Psychological analysis leaves us with two such elements [of conscious experience], of specifically different character: with sensations, which as the ultimate and irreducible elements of ideas we may term the objective elements of the mental life, and with feelings, which accompany these objective elements as their subjective complements, and are referred not to external things but to the state of consciousness itself. In this sense, therefore, we call blue, yellow, warm, cold, etc., sensations; pleasantness, unpleasantness, excitement, depression, etc., feelings. (1874, p. 12)

Sensations and feelings are the atoms of conscious experience. They are combined by unconscious processes to form the molecules: sensations combine to form ideas; feelings combine to form complex feelings. Wundt’s experimental psychology was reductionist in that it focused on the smallest possible bits of conscious experience. It was also atomistic in that it thought that the elements maintained their identities in whatever context they appeared. (“As conscious contents, blue is and remains blue, and the idea of an object is always a thing ideated in the outside world, whether the external stimulus or the thing outside of us be really present or not” [1874, pp. 13–14].)

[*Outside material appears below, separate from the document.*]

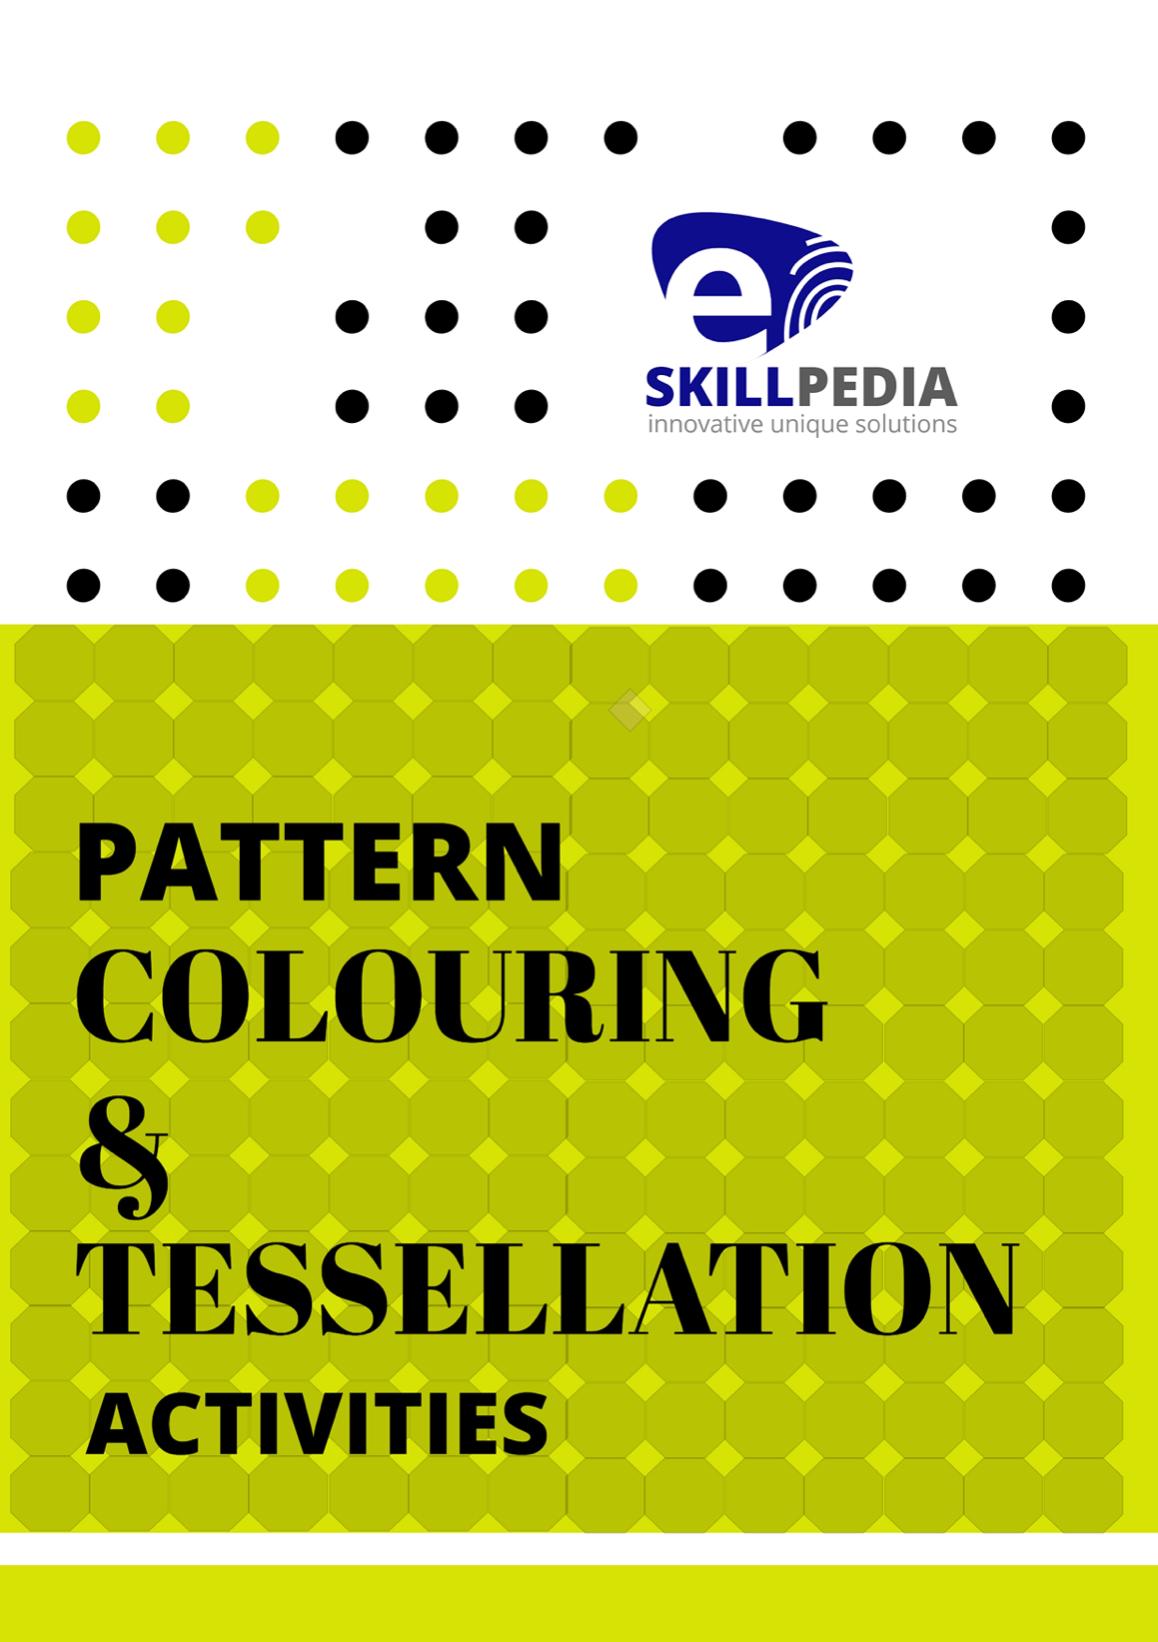 Pattern Colouring & Tessellation Activities

Wundt’s pioneering scientific psychology was, thus, a reductionist, atomistic science of outer experience. It was a successful science, and Wundt was very influential. He published more than 60,000 pages during his lifetime, and educated thousands of students in his methods (Fancher 1995). One of these students was William James, the “founding father” of American psychology. James later became an opponent of Wundt’s methods, which he mocked as “brass instrument psychology.” Another was E. B. Titchener, a proponent of Wundt’s methods who founded the psychology department at Cornell. In his 1898 textbook Titchener claimed to have identified more than 30,000 elementary visual sensations (1898b, p. 40). Most importantly for current purposes, Wundt’s was the scientific psychology that was in place when Husserl began his work as a phenomenologist. Husserl criticized Wundt specifically in establishing his phenomenological methods. Moreover, the psychological theories of the first half of the twentieth century that we will discuss later in the book defined themselves explicitly in opposition to Wundt’s views. The Gestalt psychologists, who were profoundly influential on Merleau-Ponty and on Gibson, rejected Wundt’s atomism (see Chapter 5). The functionalists and pragmatists, who were profoundly influential on Gibson, also rejected Wundt’s narrow focus on conscious experience (see Chapter 10).